**Provided material**:

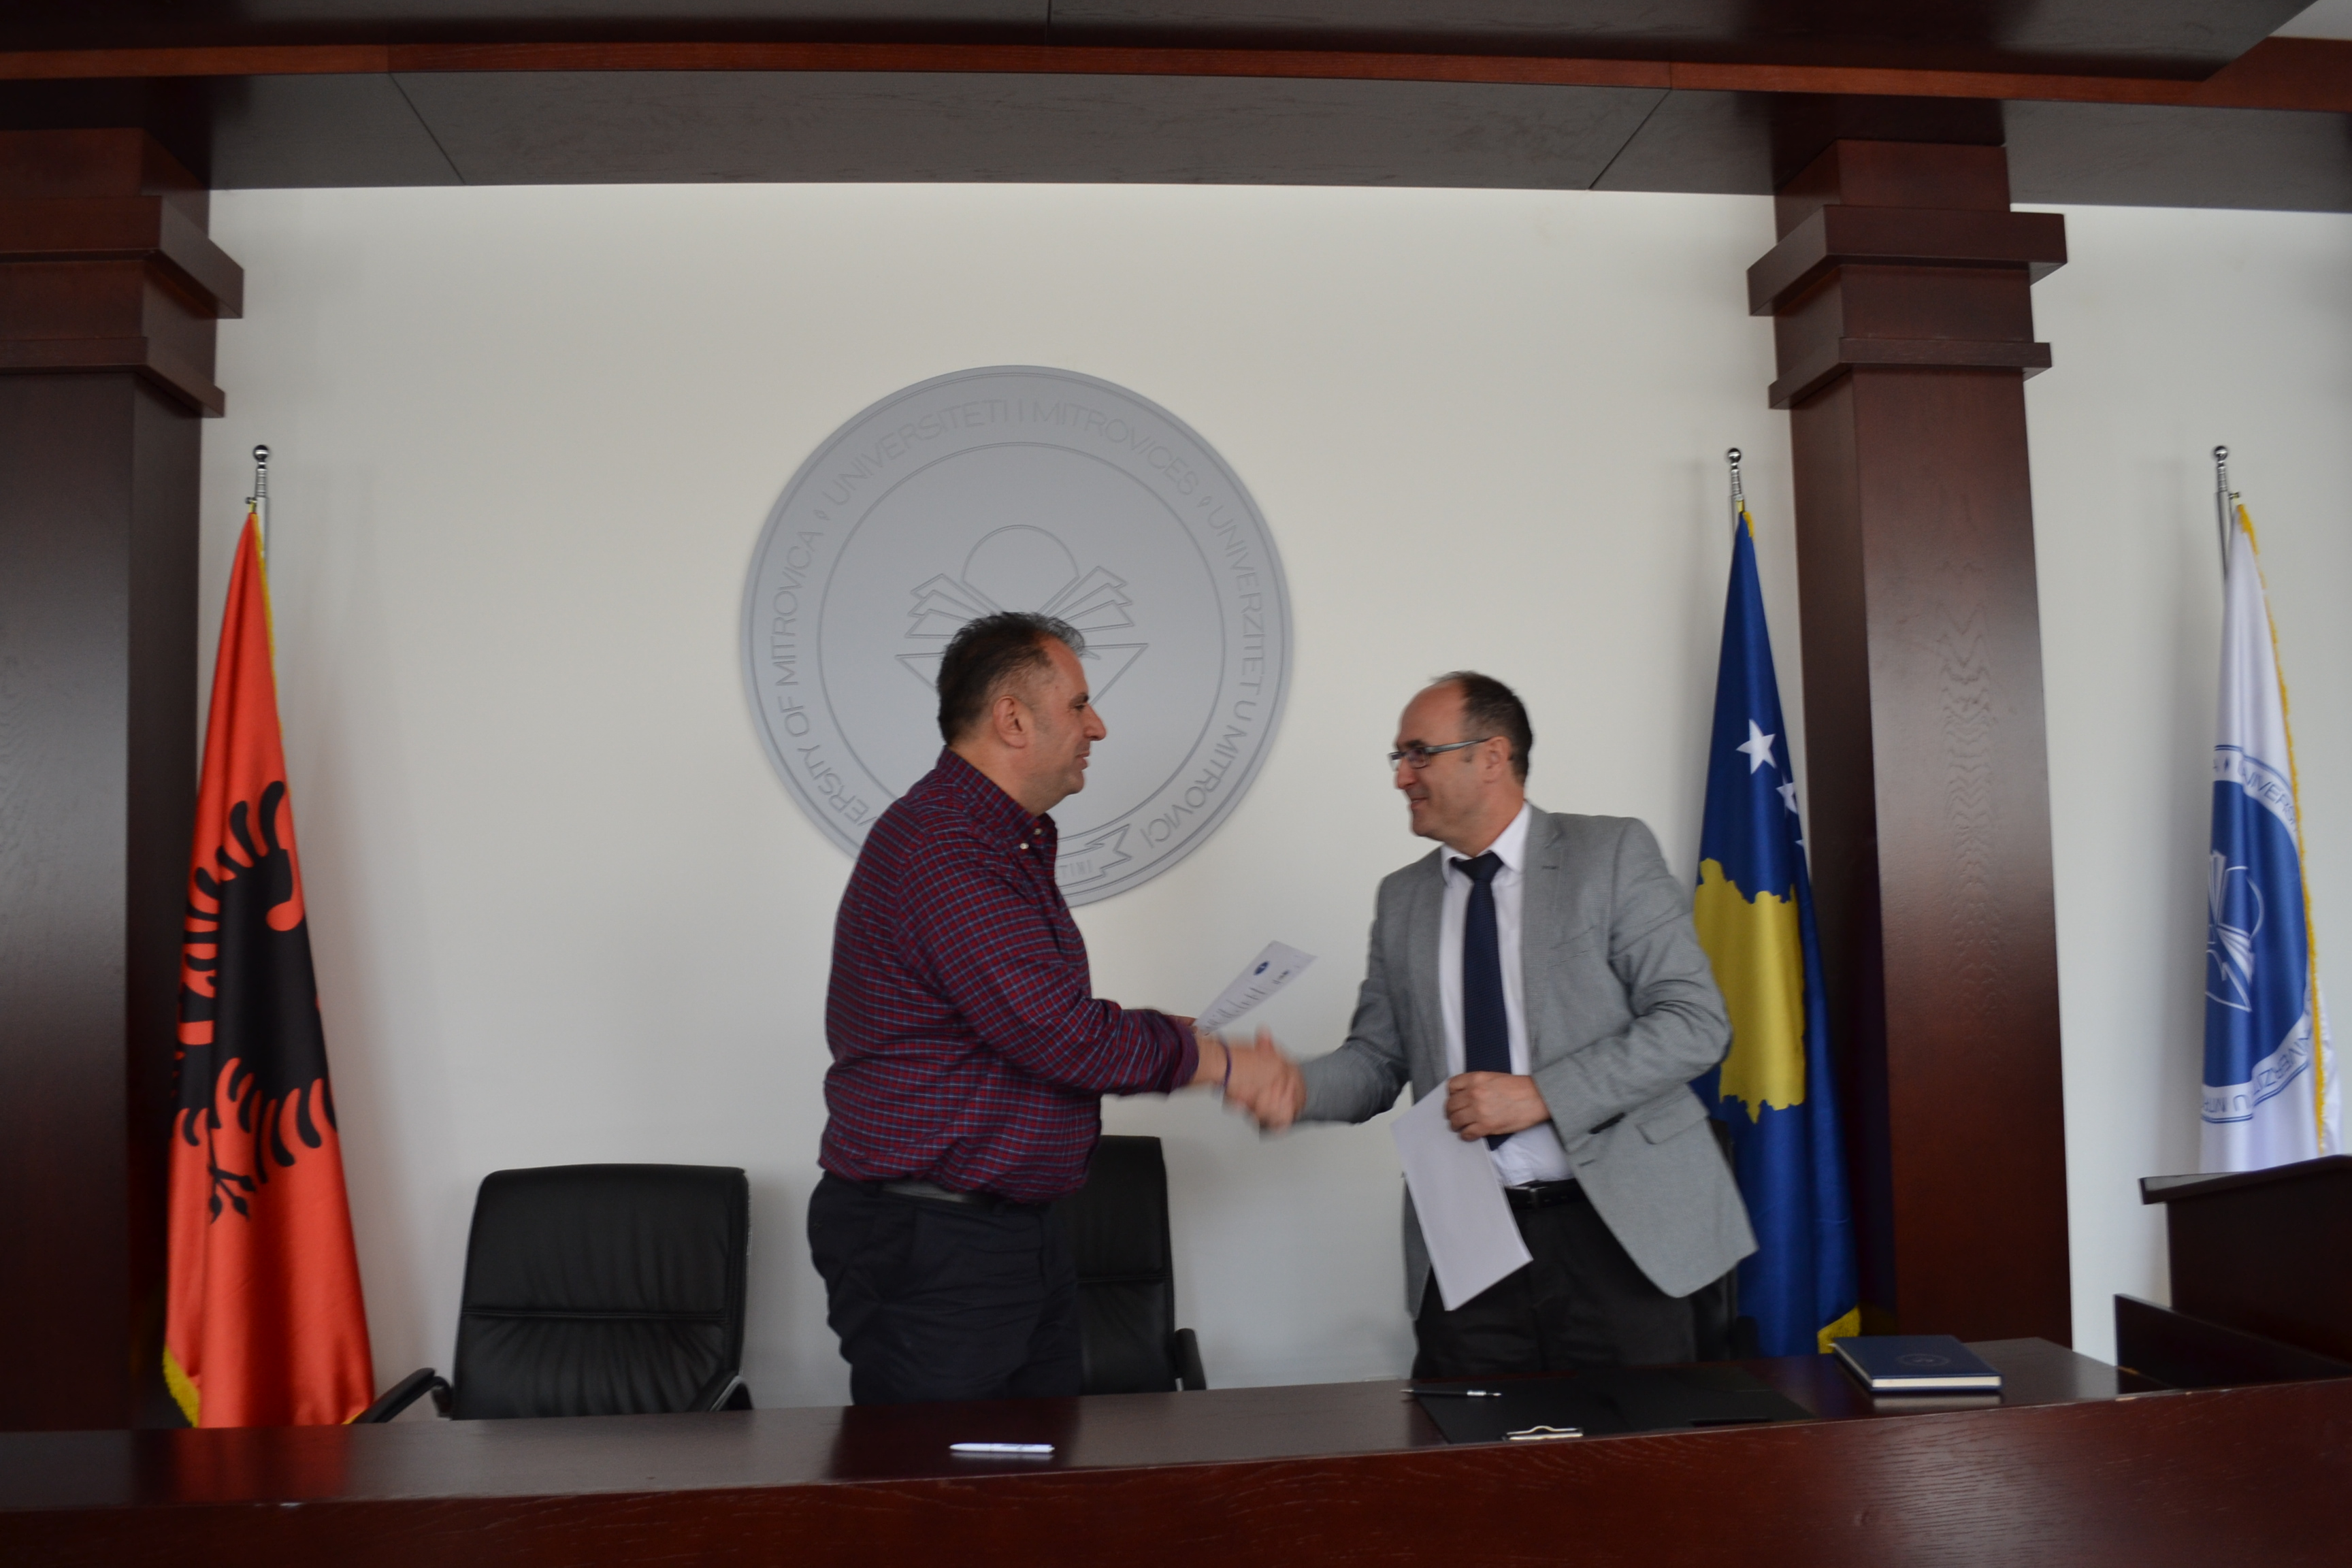 Prorektori Morina Dhe Kryetari Gërxhaliu
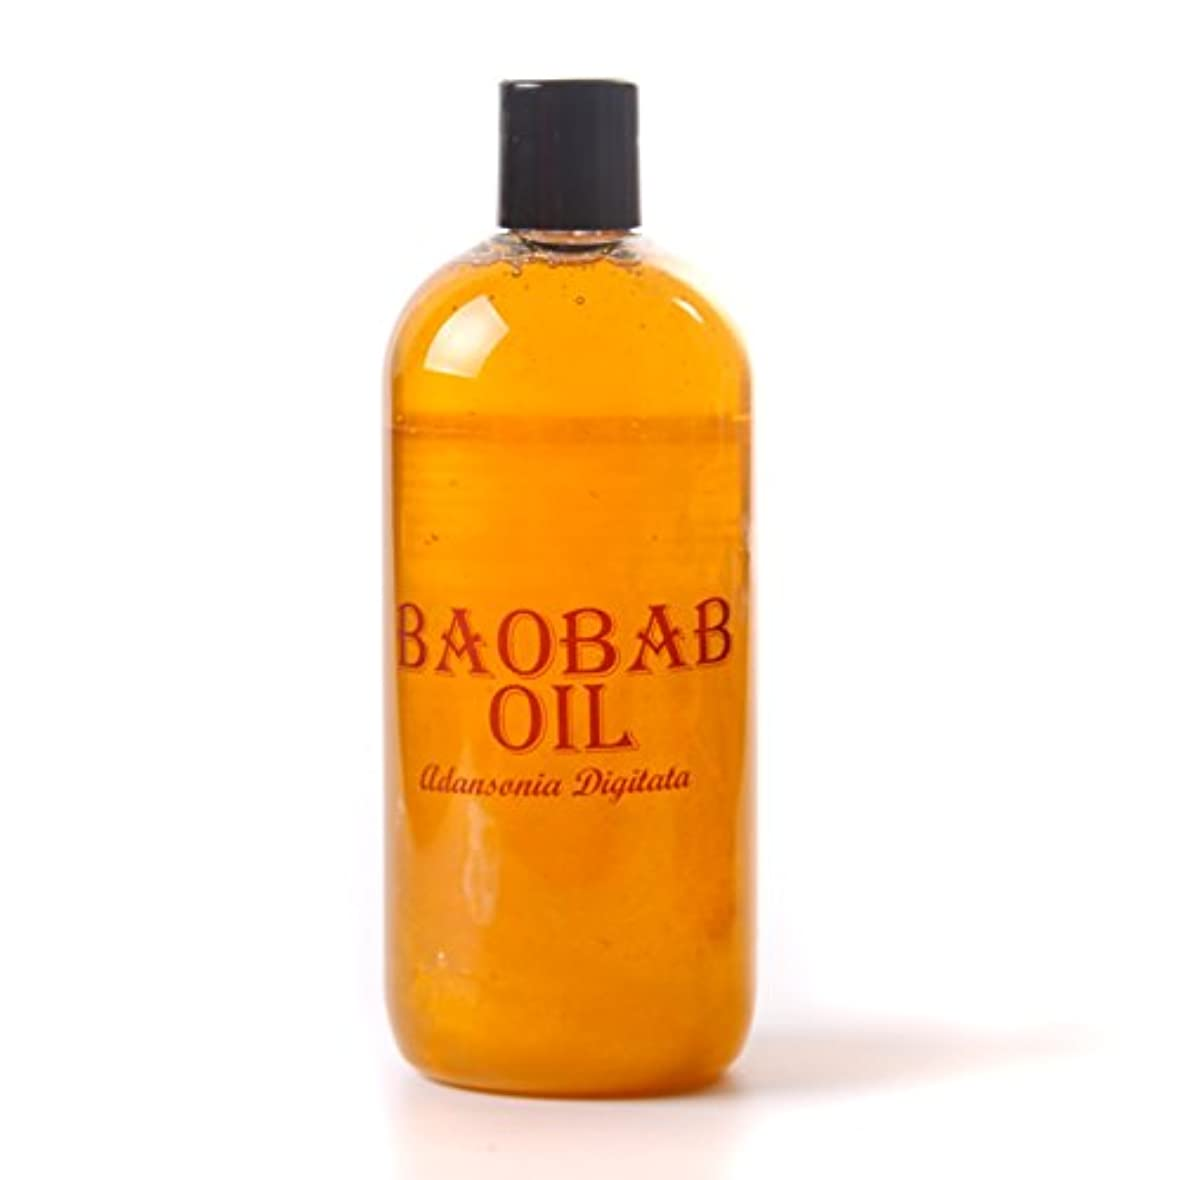 Mystic Moments | Baobab Virgin Carrier Oil - 1 Litre - 100% Pure
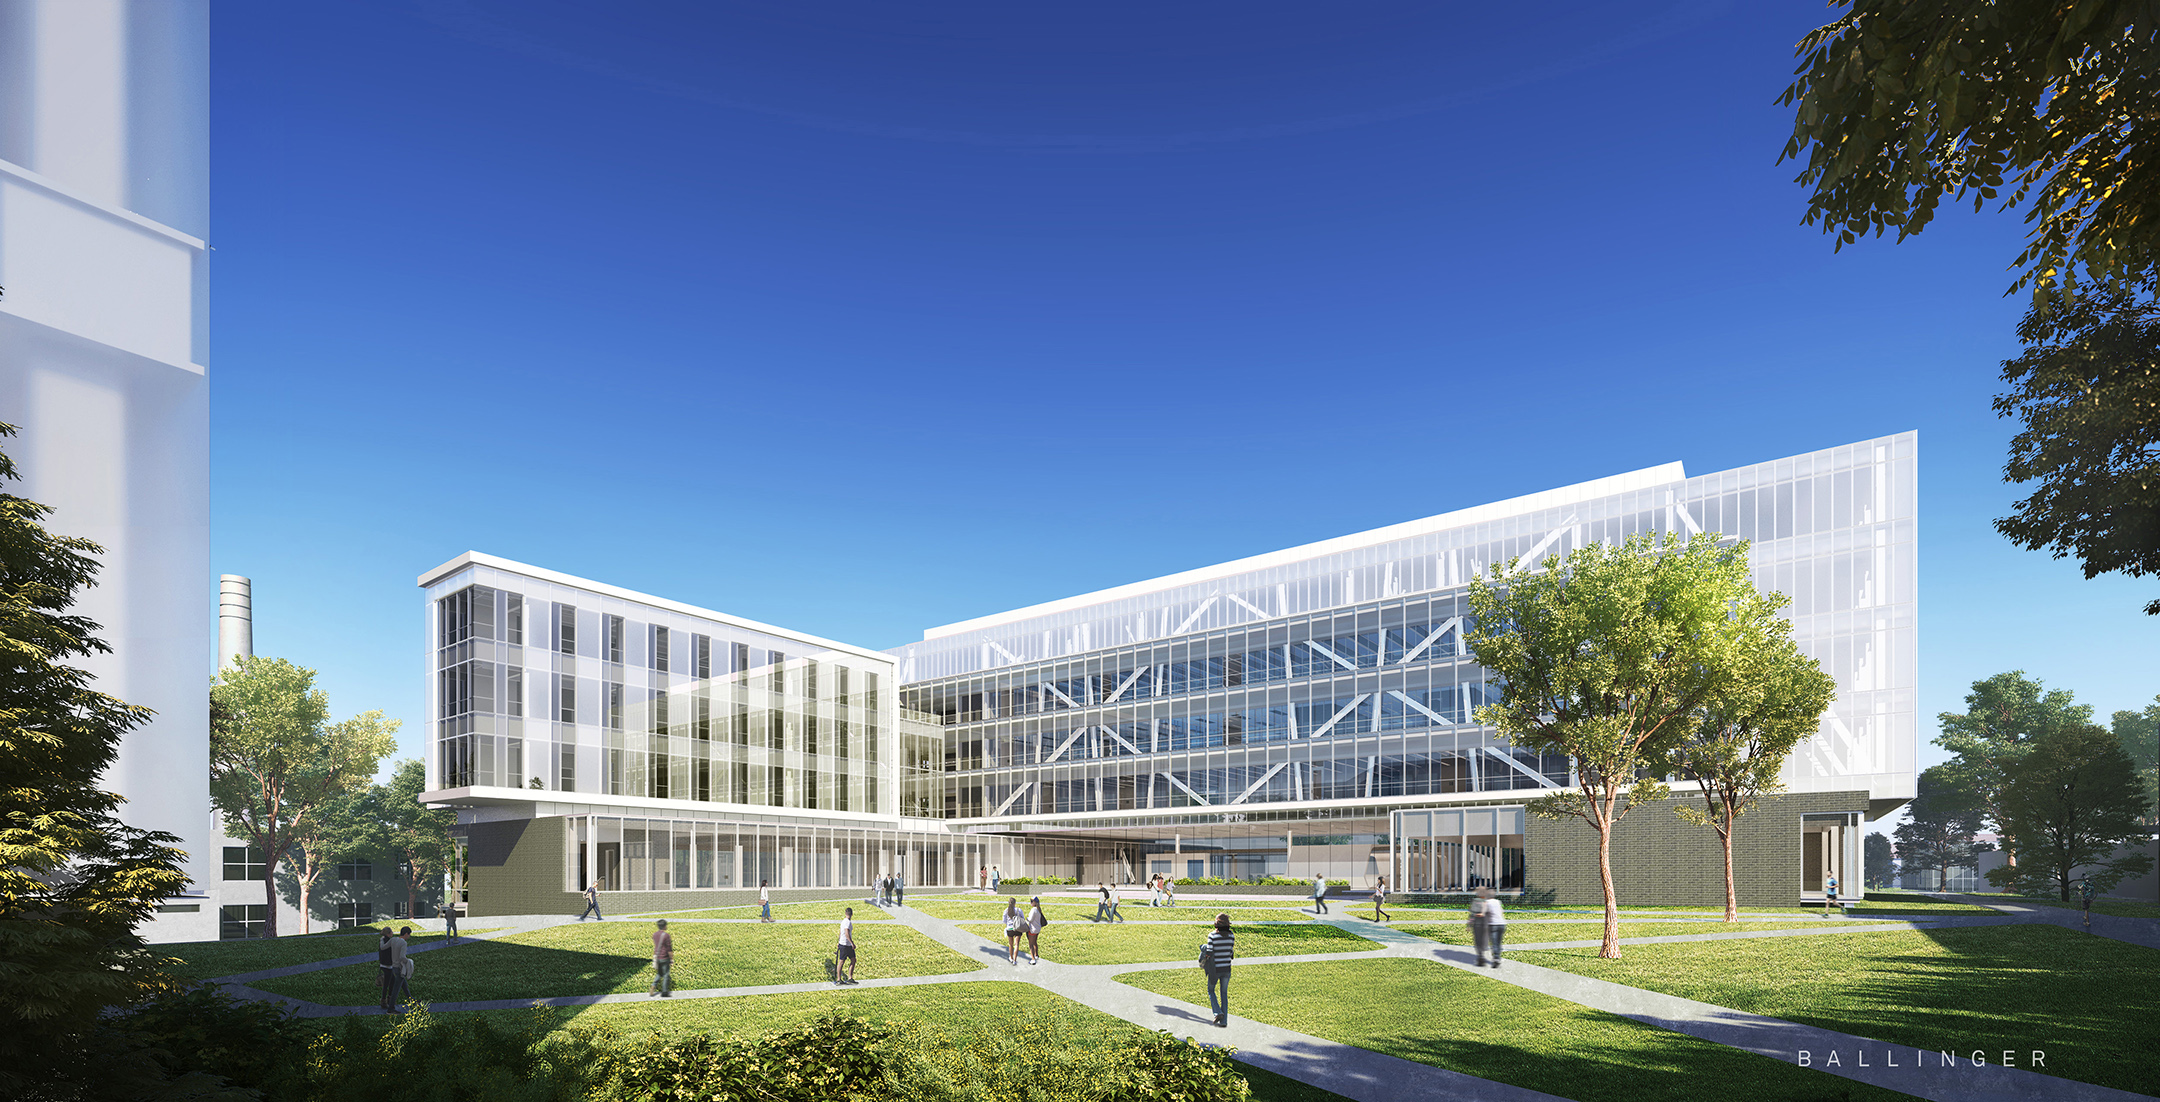 University of Rhode Island - New College of Engineering Building

**Task**:
Leave out the pictures. Transcribe the rest of the listing above exactly.

**Answer**:
 Prorektori Morina Dhe Kryetari Gërxhaliu
 Mystic Moments | Baobab Virgin Carrier Oil - 1 Litre - 100% Pure
 University of Rhode Island - New College of Engineering Building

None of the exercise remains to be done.